IANIGLA   20881
INSTITUTO ARGENTINO DE NIVOLOGIA, GLACIOLOGIA Y CIENCIAS AMBIENTALES
Unidad Ejecutora - UE
congresos y reuniones científicas
Título:
Late Jurassic extensional tectonics in south-western Mendoza province, Argentina
Autor/es:
MESCUA, J. F.; GIAMBIAGI, L. B.; BECHIS, F.
Lugar:
Niza, Francia
Reunión:
Simposio; VII International Symposium on Andean Geodynamics; 2008
Institución organizadora:
IRD
Resumen:
Several studies have addressed the control of pre-existing structures in the Andean deformation in south western Mendoza (e.g. Manceda and Figueroa, 1995; Giambiagi et al., 2003). They have shown that knowledge of the pre-Cenozoic geologic history is needed to understand the processes involved in the formation of the Andes.    Based on the existence of an unconformity between the Oxfordian Auquilco Formation and the Kimmeridgian Tordillo Formation in some localities, early studies of the Neuquen Basin suggested an orogenic phase (Stipanicic and Rodrigo, 1970; Davidson and Vicente, 1973). Later studies in northern Mendoza (Sanguinetti and Ramos, 1993; Cegarra and Ramos, 1996; Giambiagi et al., 2003) proposed an extensional setting for this period, whereas in Chile regional extension is well documented (Vergara et al., 1995; Charrier, 2007). Nevertheless, it is generally assumed that extension in southern Mendoza was over by the late Early Jurassic (Legarreta and Gulisano, 1989; Gulisano and Gutiérrez Pleimling, 1995; Vergani et al., 1995; Ramos, 1999; Legarreta and Uliana, 1999).

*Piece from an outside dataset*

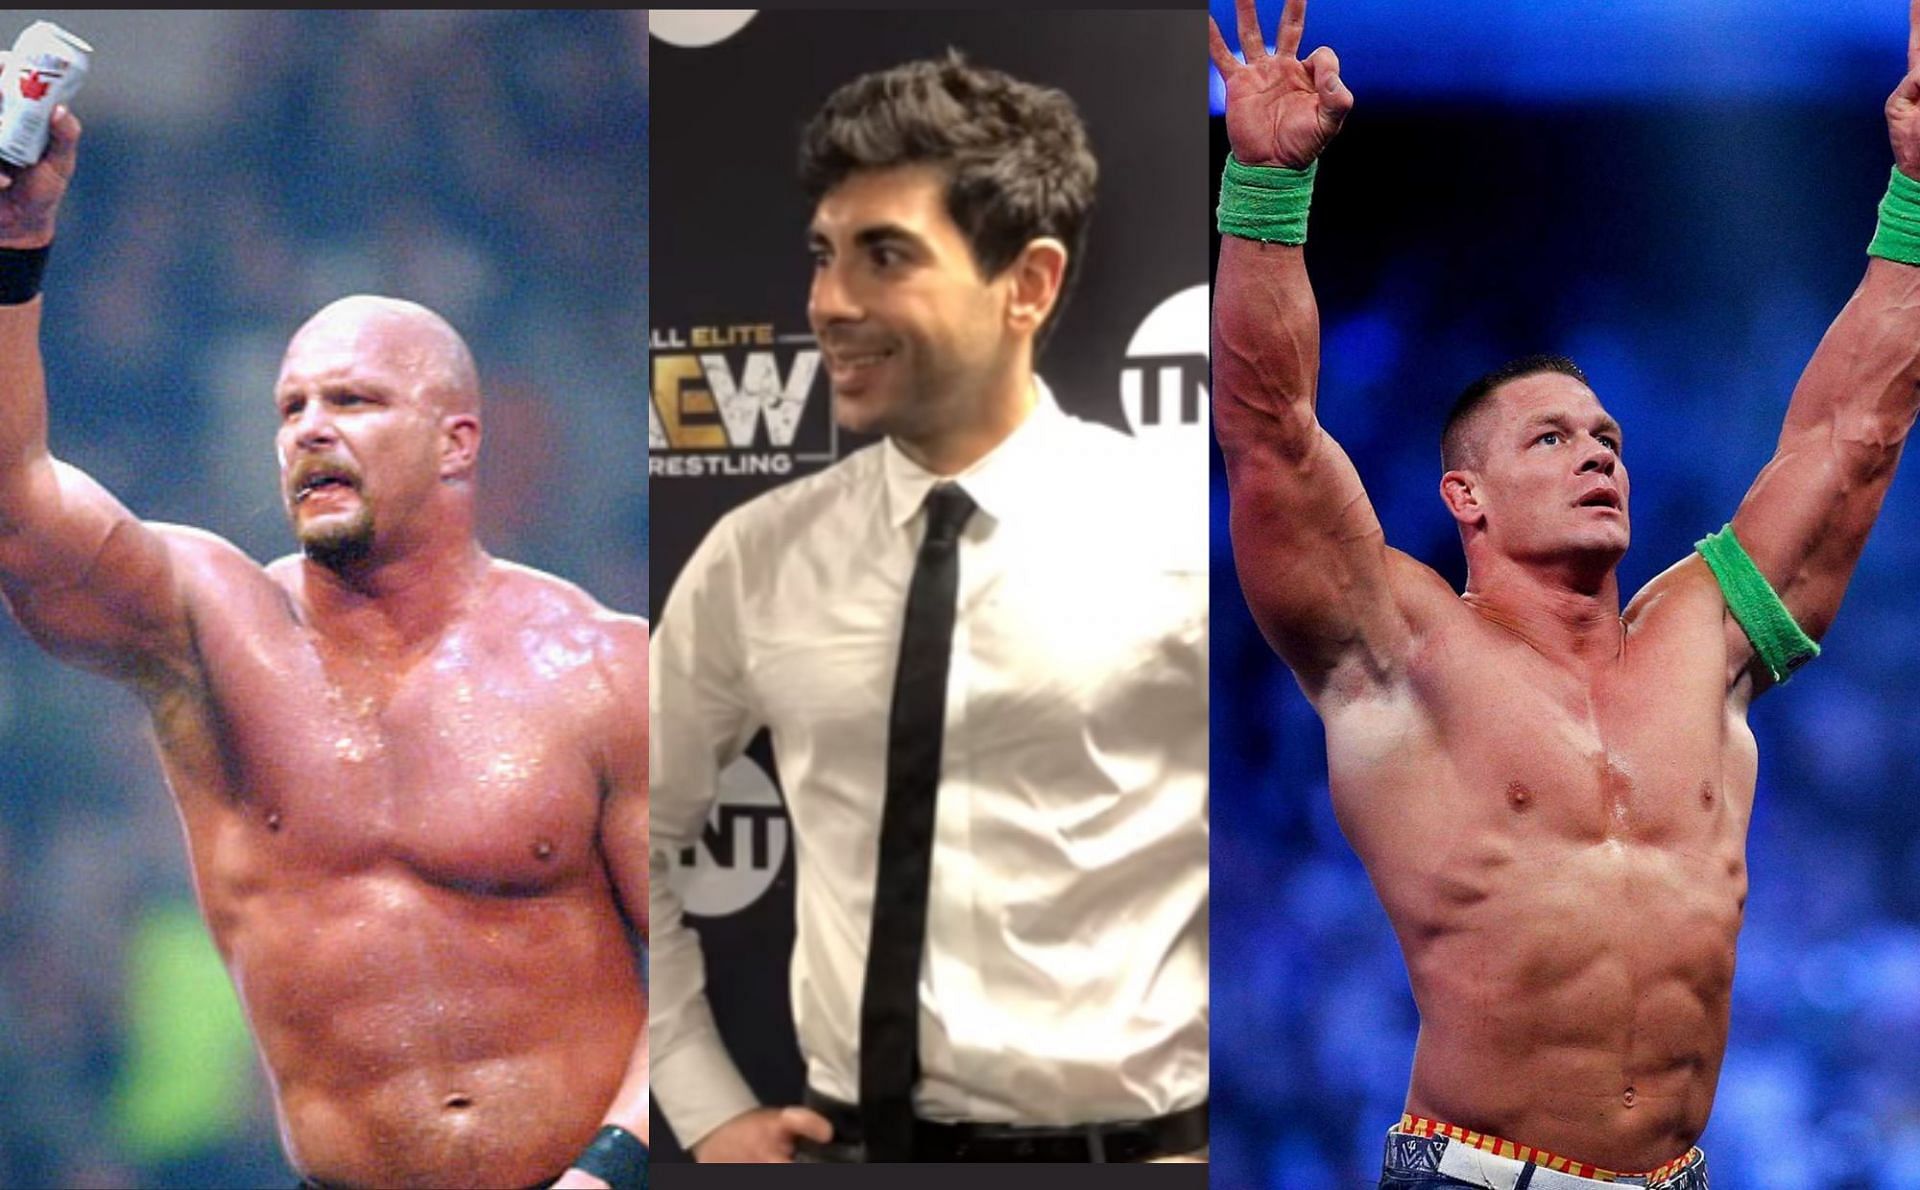 5 legendary WWE Superstars who might never show up in AEW

As shown above, observations in southern Mendoza support the existence of an extensional tectonic setting for the Kimmeridgian in this region. The region affected by Kimmeridgian extensional processes in Argentina would extend, at least, from 32º30’ S (Aconcagua region) to 36º S. The unconformities observed between Oxfordian and Kimmeridgian deposits in some localities of southwest Mendoza (e.g. Río Salado, Dajczgewand, 2002) could be related to tilting and erosion associated with this extension. Vergani et al. (1995) interpreted that extensional fault-controlled subsidence was restricted to the Late Triassic- Early Jurassic in the Neuquén Basin. Based on data collected south of 36ºS, they suggest that the high rates of subsidence in Late Jurassic and Early Cretaceous times are due to relaxation of in-plane stresses with a NW-directed σ3. On the other hand, in south-western Mendoza, activity of normal faults would have taken place at least during the Kimmeridgian. Available data from limited measurements of minor faults coeval with the deposition of the Tordillo Formation suggest that this extension had a NW direction. Major Early Jurassic NNW-trending normal faults are interpreted to be reactivated with an oblique normal sense.